Data extract section start

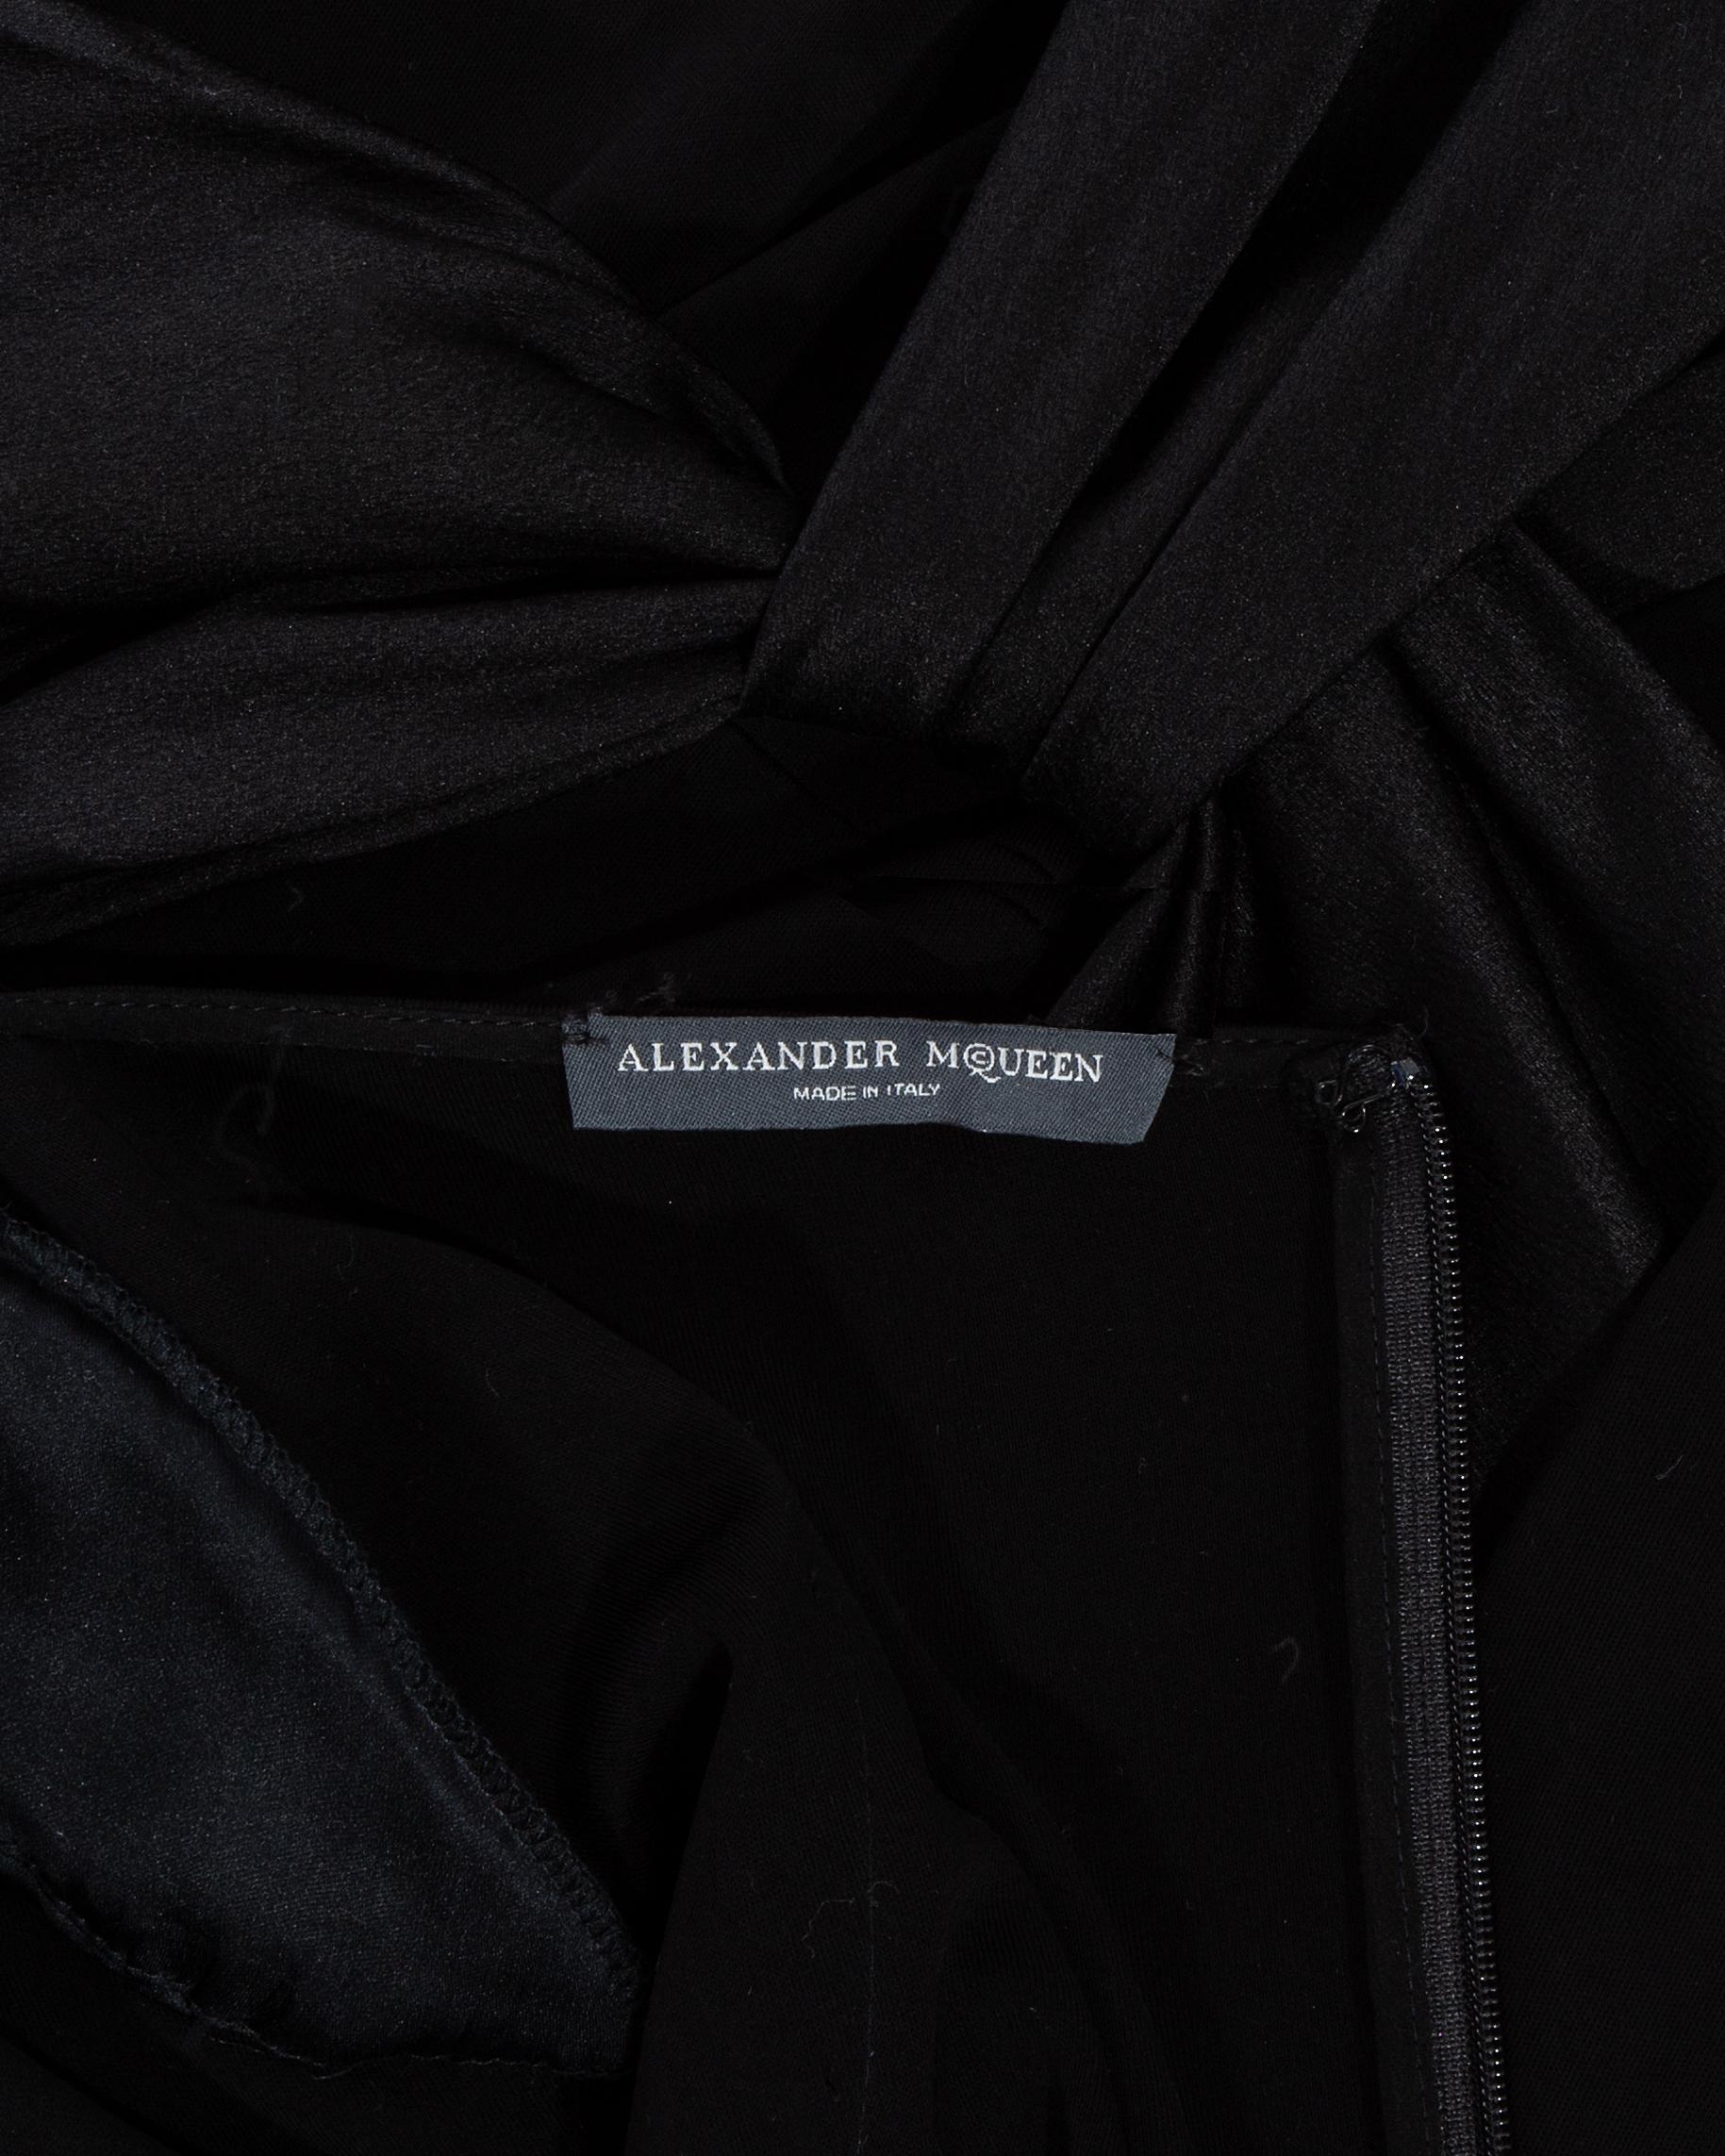 Alexander McQueen black silk scarf evening dress, fw 2004 2
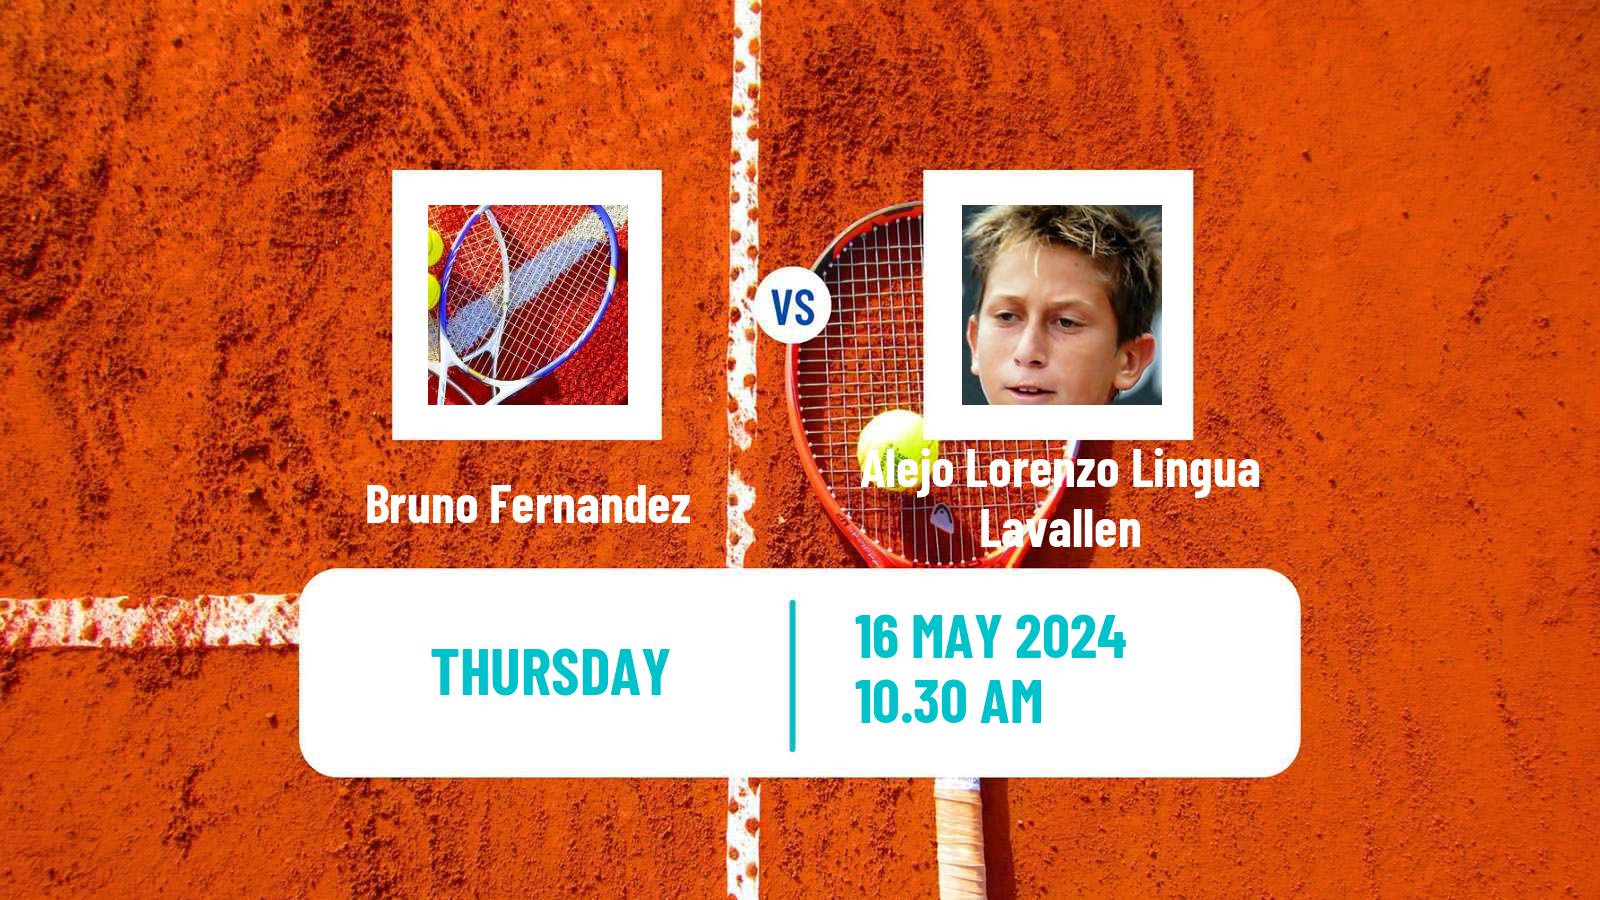 Tennis ITF M15 Neuquen Men Bruno Fernandez - Alejo Lorenzo Lingua Lavallen
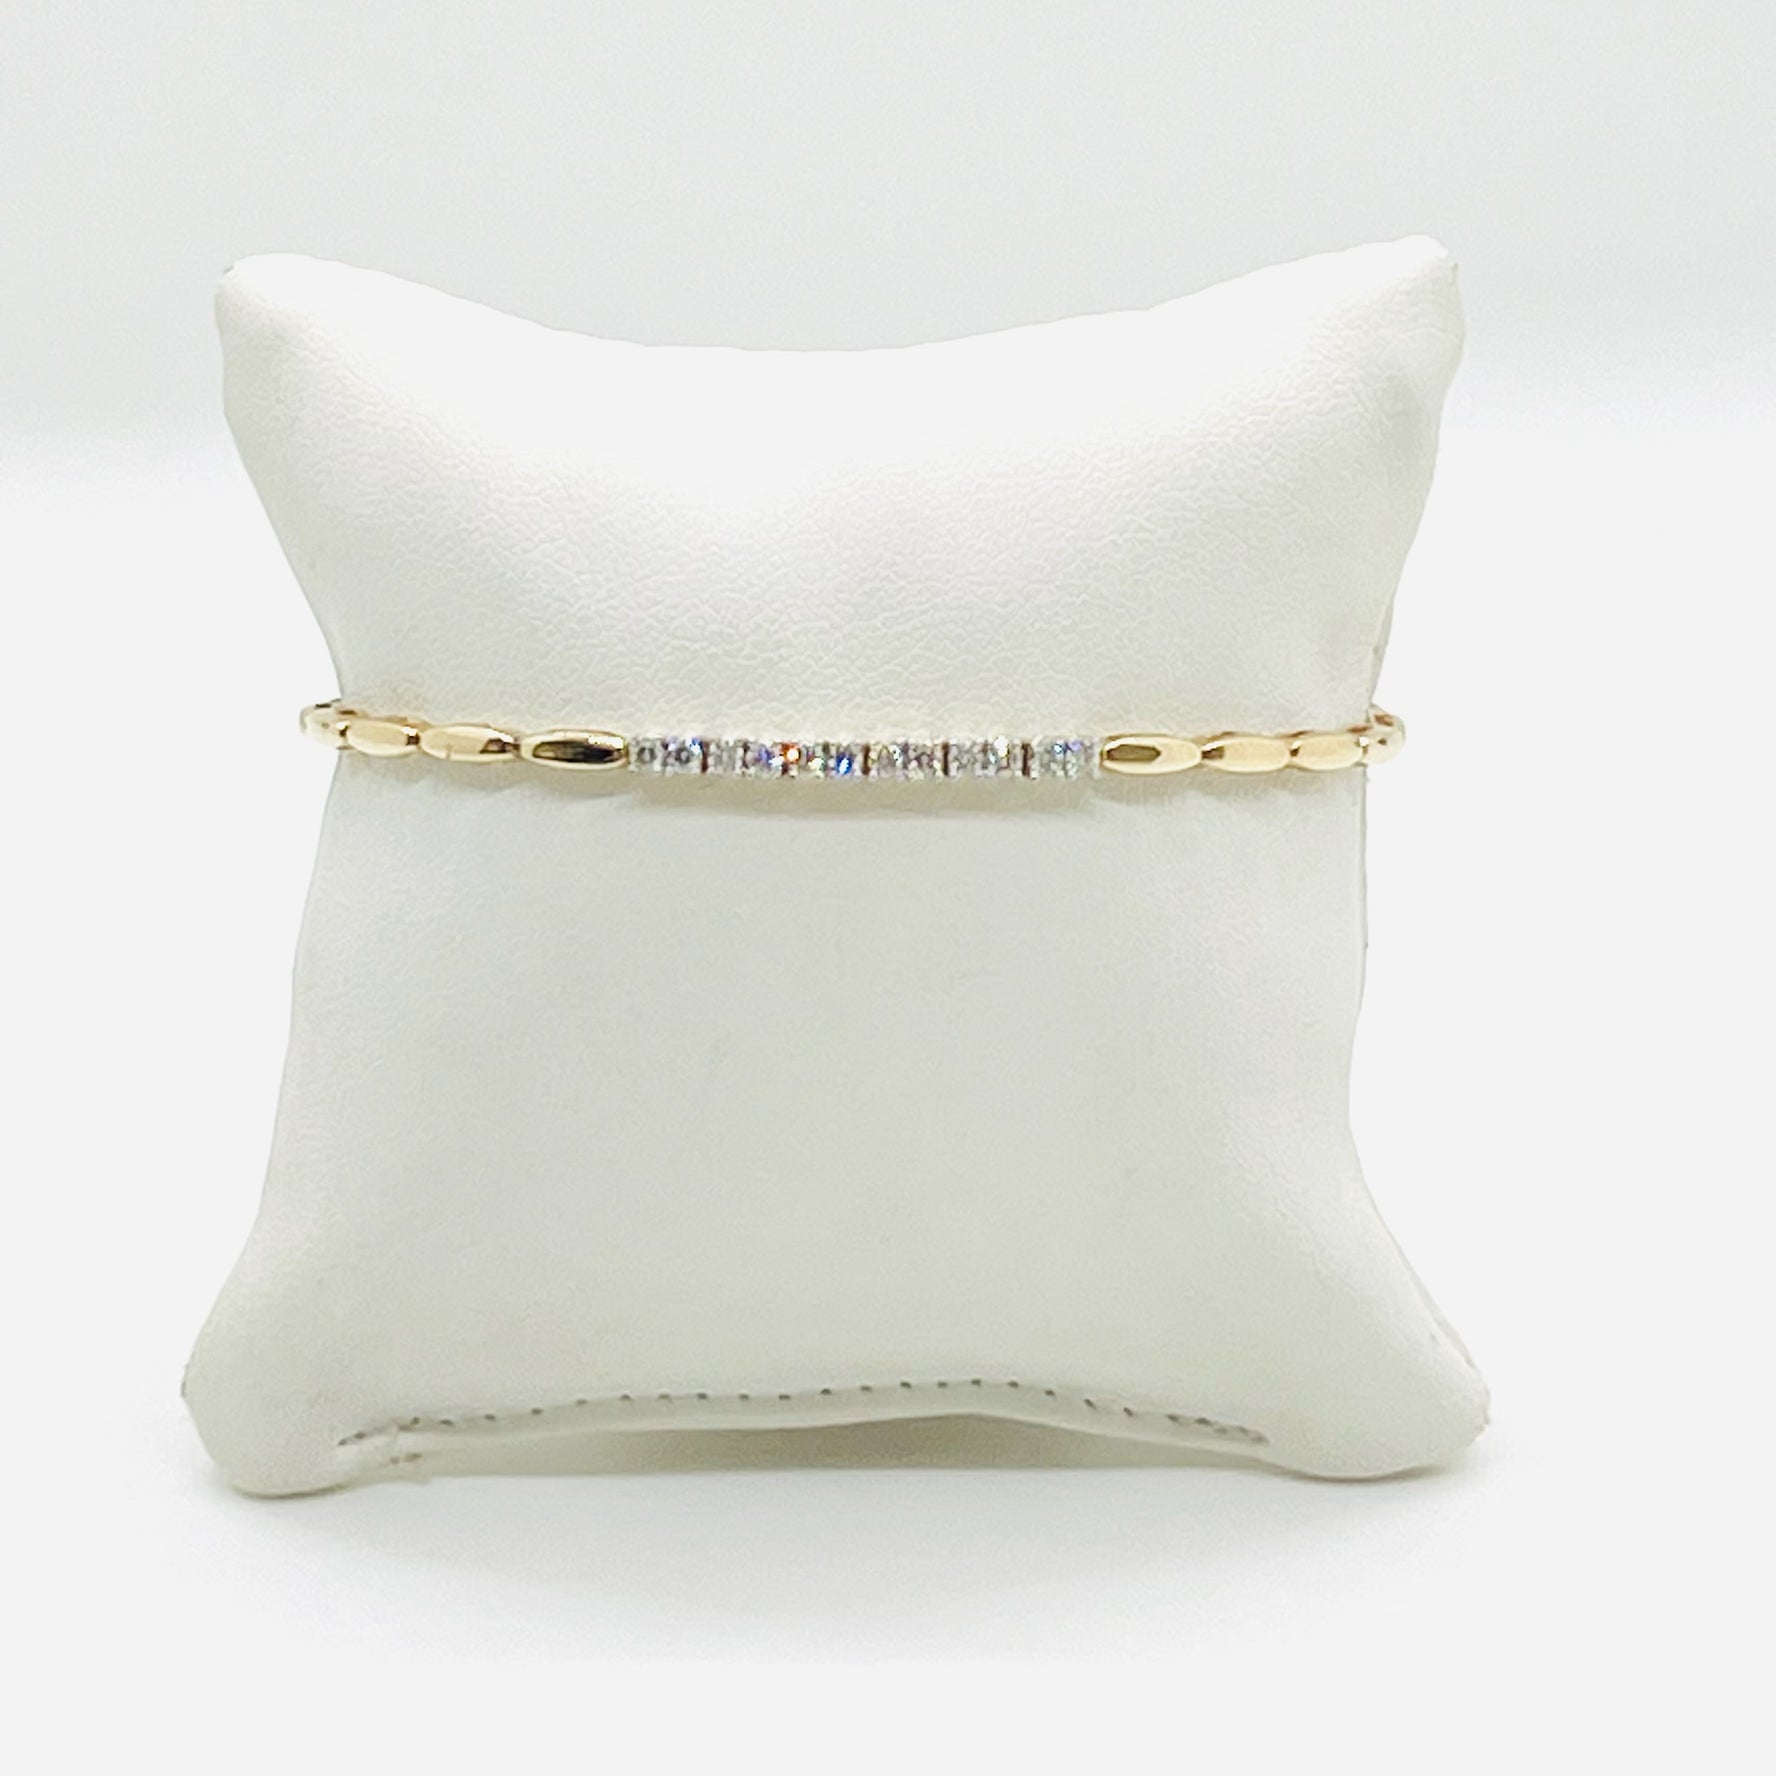 14k gold and diamond tennis bracelet

Data extract section end

◆ Assigned task ◆
Return to the listing above and set it down exactly, leaving out its pictures.

◆ Solution for this task ◆
 Alexander McQueen black silk scarf evening dress, fw 2004 2
 Tennis ITF M15 Neuquen Men Bruno Fernandez - Alejo Lorenzo Lingua Lavallen
 14k gold and diamond tennis bracelet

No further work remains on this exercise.